Are you wasting time and money tracking the wrong performance in the wrong ways?

Posted by on May 29, 2011

Measurement matters. It can help managers to allocate resources, identify emerging problems, make decisions, and focus effort on the right problems and opportunities.

But accurate and reliable measures of performance are few and far between. It seems we always have metrics – just not the right ones. Albert Einstein summed it up neatly when he said: “Everything that can be counted does not necessarily count; everything that counts cannot necessarily be counted”.

Measurement usually focuses on traditional “countable” value – revenue, profit, ROI, etc. These are both vitally important and relatively easy to measure, which explains why they’re so common.

Unfortunately, there aren’t many established metrics that focus on important inputs or processes that drive the creation of profit and ROI. This includes factors such as customer management, process management, quality, core capabilities, innovation, and human resource capabilities.

One of the more glaring measurement omissions is whether the brand promise or value proposition at the heart of your strategy is being effectively delivered, noticed, and appreciated by customers. This is a serious deficiency considering its importance to growth, profit and ROI.

The reasons it is often omitted shouldn’t surprise anyone. It’s expensive to measure factors like customer satisfaction in a consumer or mass market business. And it’s even more expensive if you insist on statistically valid and reliable metrics. But even when measuring internal factors, it’s devilishly difficult to develop reliable, trustworthy metrics for “soft” factors of organizational performance.

In the absence of reliable metrics, managers can be ingenious in finding indicators which, while they aren’t true measurements, provide information about the direction and magnitude of changes in important variables. We strongly support the drive to find and use such indicators, provided users understand the inherent defects of such indicators and their potential to mislead.

It is well known that performance indicators (as opposed to true performance measures) sometimes send false signals. They may indicate a change when there isn’t one. And they may mislead about the direction of change by pointing up when the real change is down, or vice-versa.

And when it comes to tracking rare occurrences like quality defects or accidents – both very important in performance measurement – random fluctuation may signal false positives or false negatives that are due only to chance, and not to an underlying change.

“Black Box” Management
Without metrics to manage value creation, organizations function somewhat like the proverbial “black box” of electronics. We can measure the outcomes and the inputs. But we can’t track what happens inside the black box to produce the outcomes. This makes it very difficult to manage it.

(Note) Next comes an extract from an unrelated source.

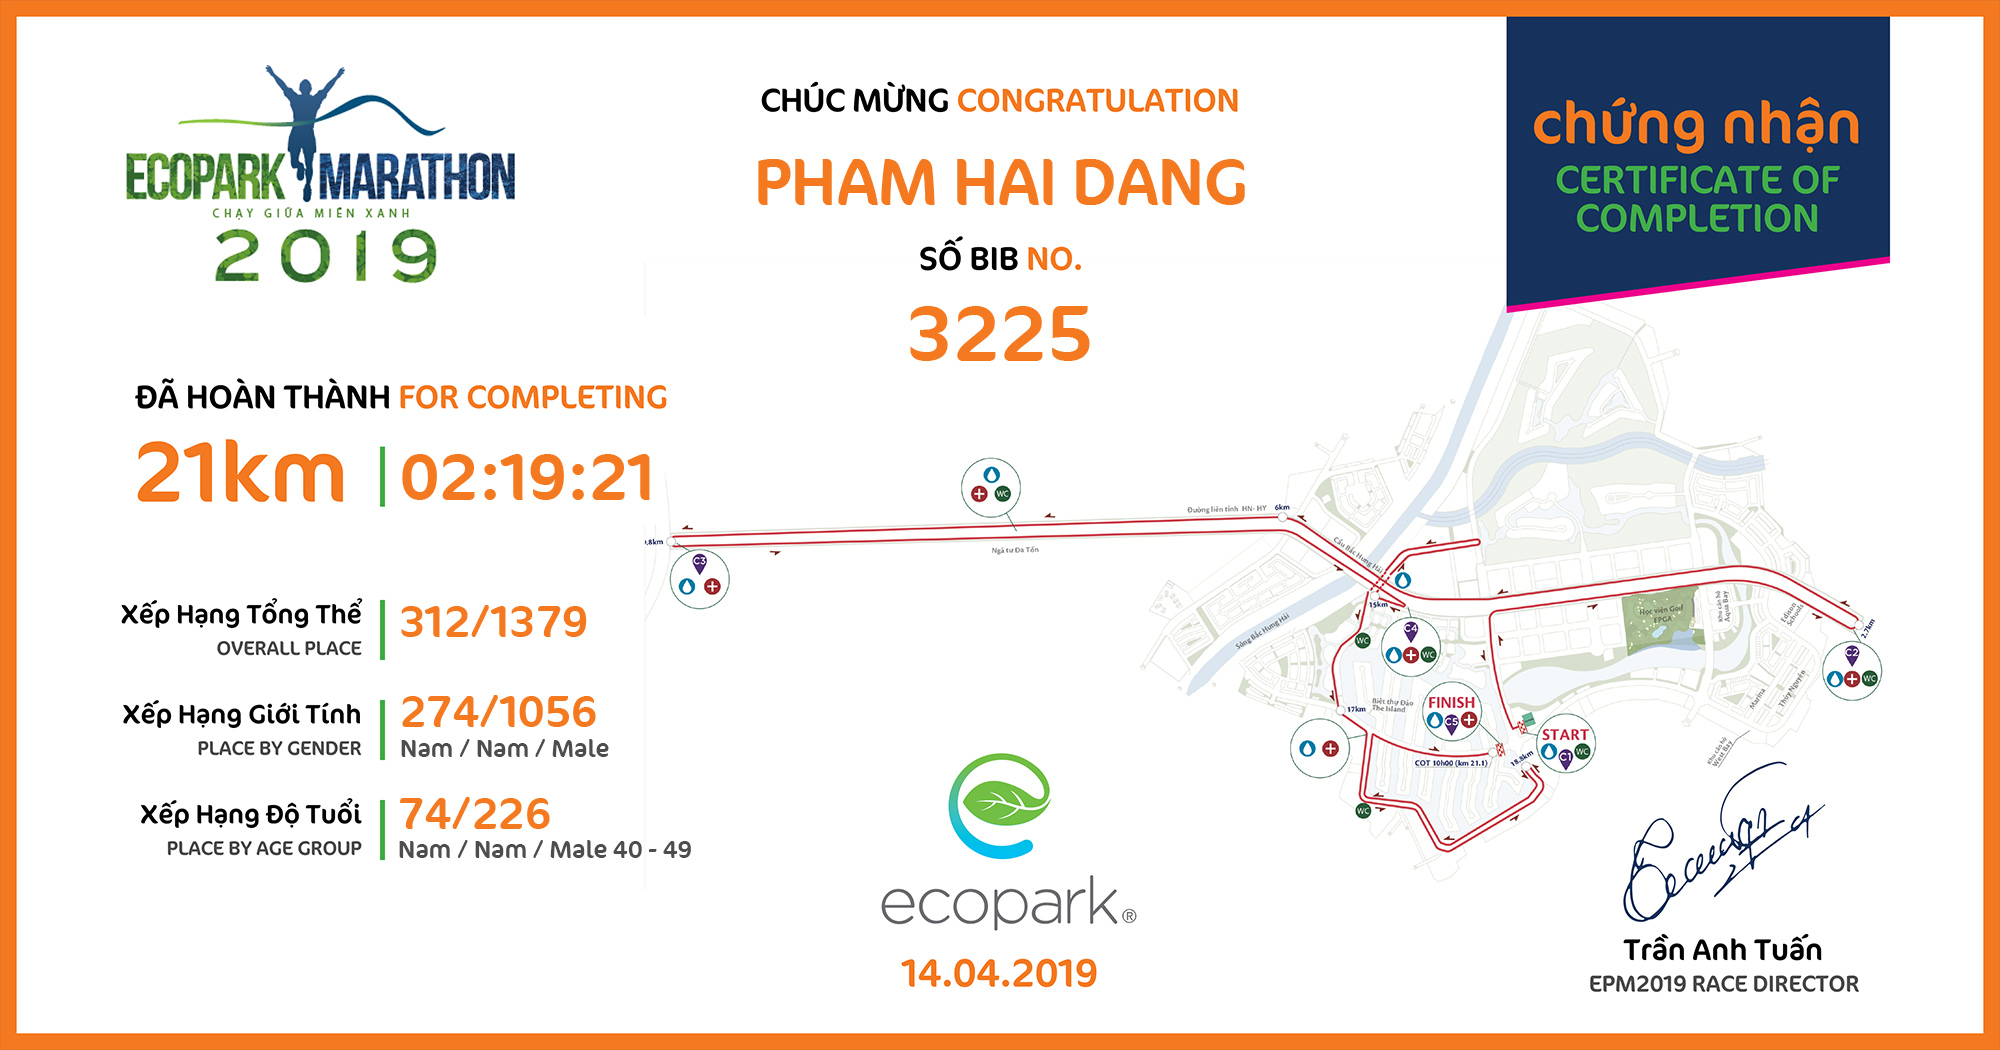 3225 - Pham Hai Dang

True measurement of what happens “inside the box” can be costly – so costly that it outweighs the benefits it produces. That’s a good reason to work out “cheap and cheerful” ways to track what’s important without the costs and rigor of true measurement, and to perfect them over time.

One company we read about found a simple way to track employee satisfaction. They placed three bags containing green, yellow and red marbles beside an opaque vase at the office exit door. They asked employees to deposit one marble in the vase every day to indicate how their day had gone (green=good, yellow=typical, red=bad). The marbles were collected, counted and recorded daily. The totals provided a rough but immediate indicator of how employee satisfaction was trending. This is much less expensive than employee satisfaction surveys. It won’t provide an indication of what to do about a problem, but it’s fairly effective at indicating whether or not there is a trend, and it provides managers with prompt feedback rather than waiting for up to a year for the results of the next expensive employee satisfaction survey.

You’ll find seven other interesting ideas for tracking hard-to-measure value creators here:

There’s no formula for what each individual organization should measure or track “inside the black box”. What you should measure depends on your business model and your strategy.

But you must take the time to determine what really creates value within your organization, and start finding ways to track it. If tracking key value generators isn’t a part of your strategy, get tracking! Doing it well could really improve your growth, profit and ROI.

Copyright 2011 Knowlan Consulting Group Inc.



  1. Very true points. I often find myself saying something to the team assembled to put together a strategic plan like: just measure it incorrectly, but consistently incorrectly, to make sure you’re happy that the needle is moving in the direction you want. It somehow has the power to give people permission not to be perfect.

    Similarly, with the strategy itself: you reserve the right to be wrong, but you don’t reserve the right not to make a decision. So, get cracking, start measuring a handful of “important” things however you can get going quickly.

  2. Making sure that you measure what is relevant isn’t easy, but very important. Over the years I’ve seen companies measuring things that didn’t matter, simply because it was easy to measure. But the data didn’t help them to manage their operation, and hence the measurements were abandoned. Waste of time, money, and as a result employees got frustrated.

    Make sure you only measure what you need. And use your measurements, do proper analysis, discuss the results with those involved, decide, and take action!